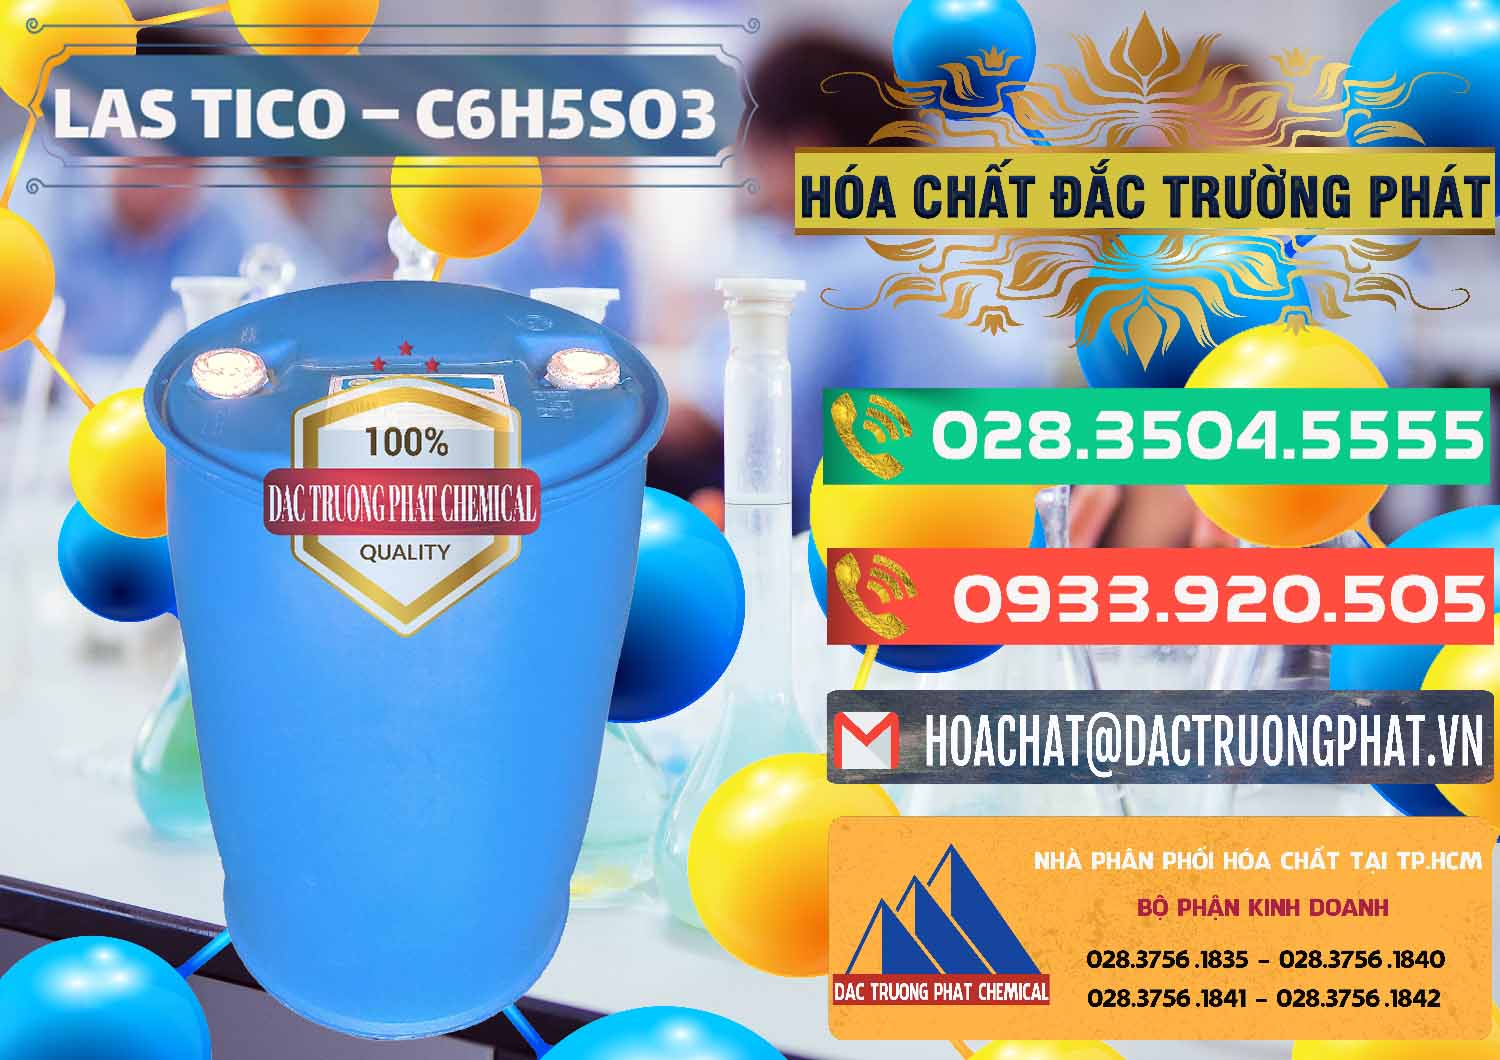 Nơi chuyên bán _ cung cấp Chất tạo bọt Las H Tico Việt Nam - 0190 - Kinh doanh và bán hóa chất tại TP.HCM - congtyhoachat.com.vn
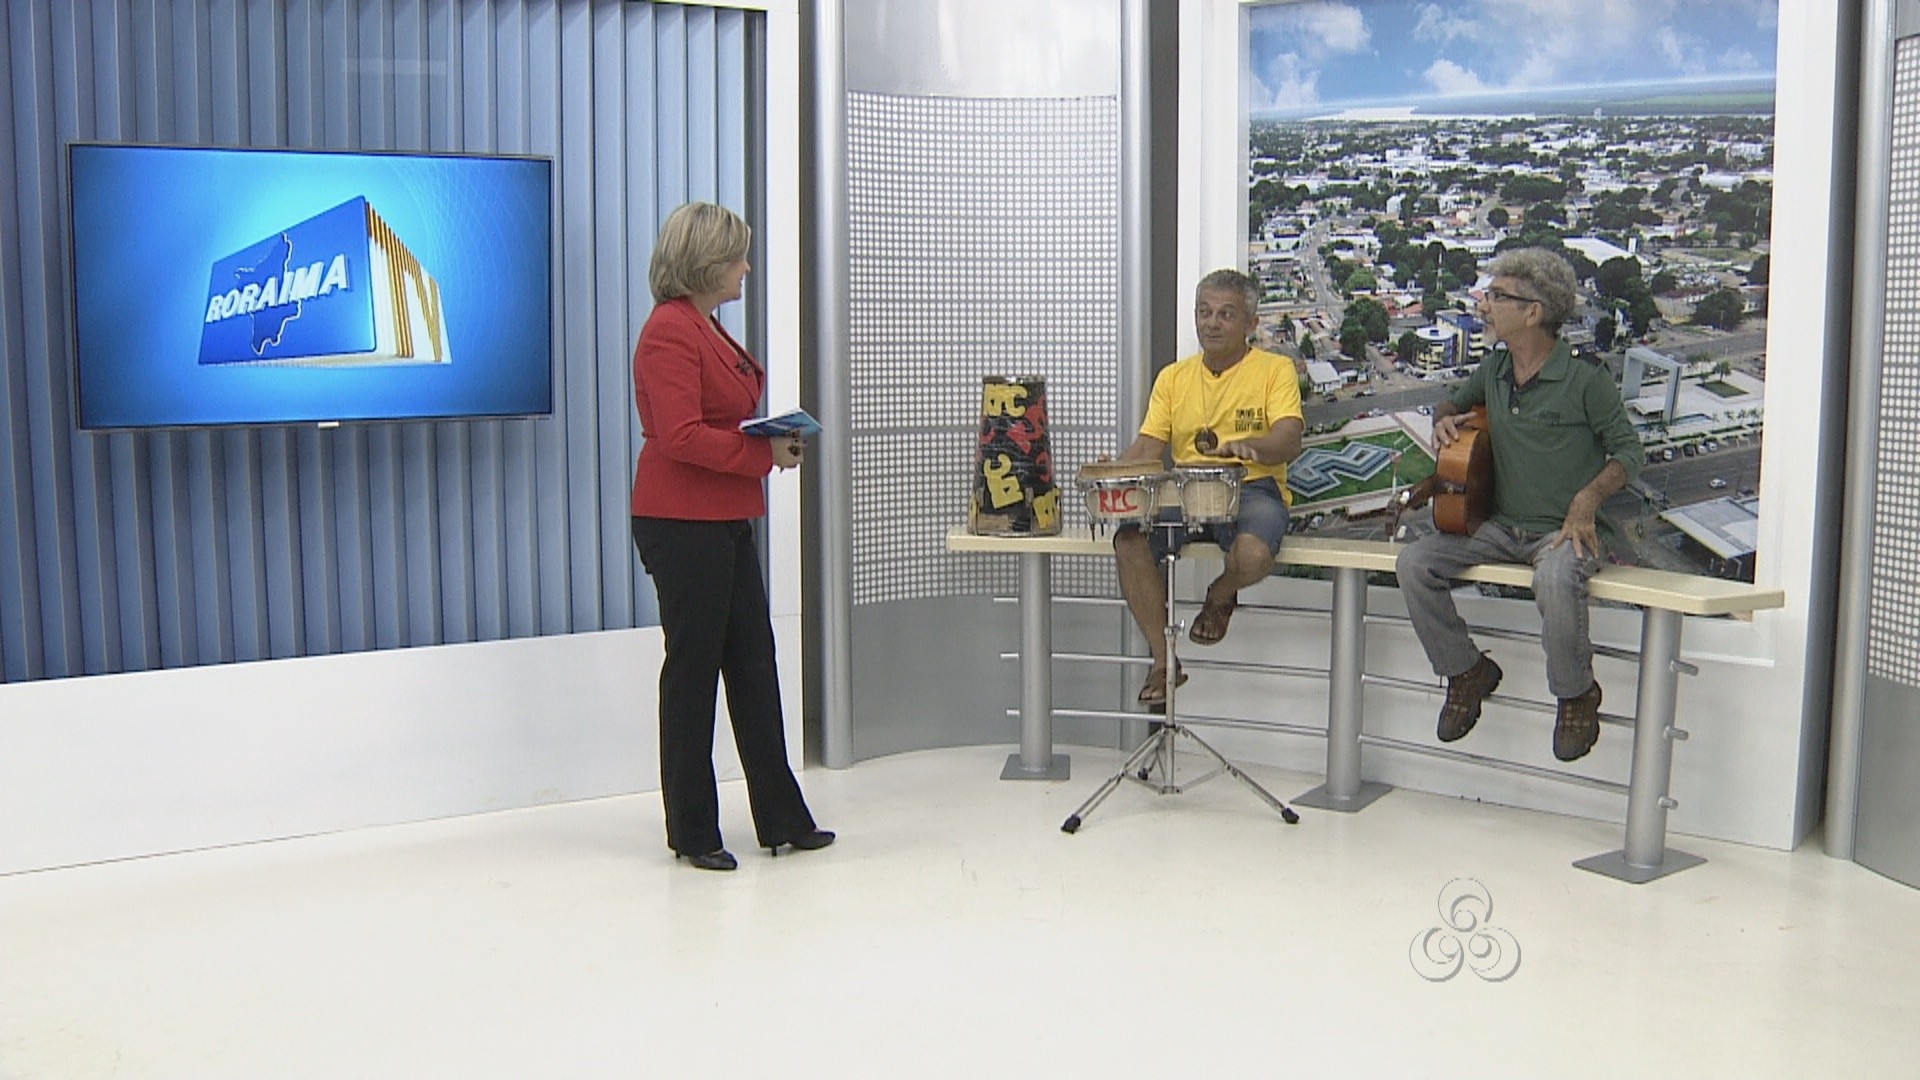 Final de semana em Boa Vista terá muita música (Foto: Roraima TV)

---

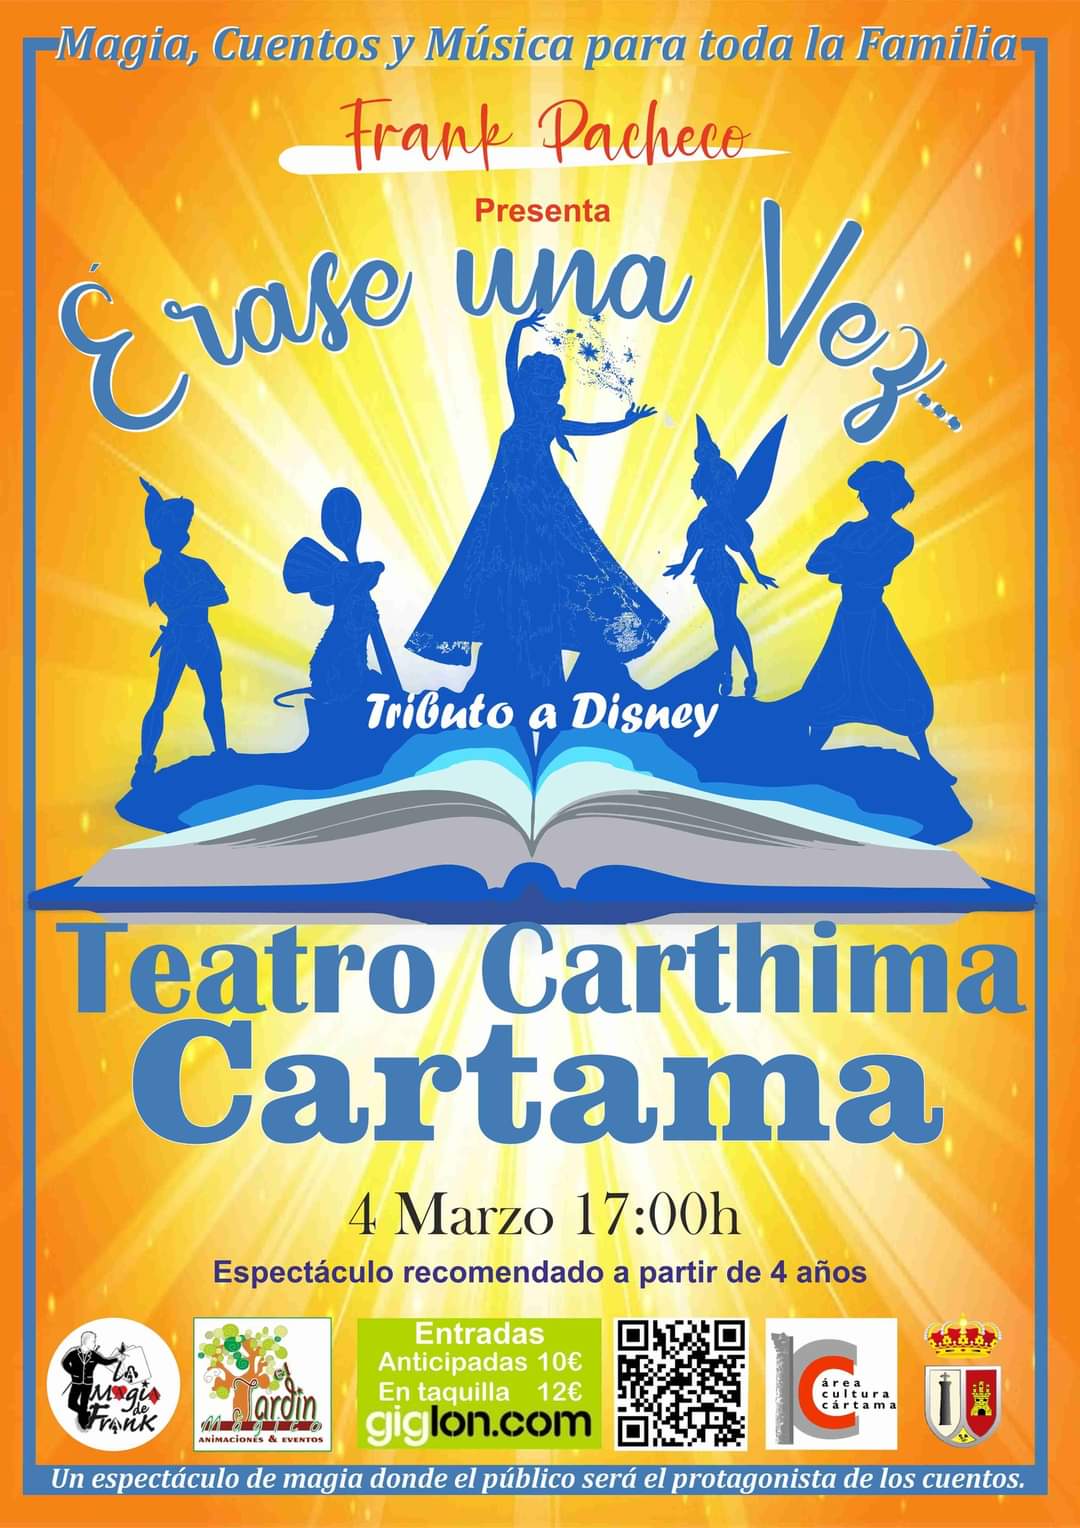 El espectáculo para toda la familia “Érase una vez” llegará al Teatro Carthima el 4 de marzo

- WHAT TO DO
Range to copy from the listing above: the line containing "Nơi chuyên bán" down to the line containing "Final de semana", both included. Reproduce it exactly, minus the pictures, and add nothing.

- ANSWER
 Nơi chuyên bán _ cung cấp Chất tạo bọt Las H Tico Việt Nam - 0190 - Kinh doanh và bán hóa chất tại TP.HCM - congtyhoachat.com.vn
 Final de semana em Boa Vista terá muita música (Foto: Roraima TV)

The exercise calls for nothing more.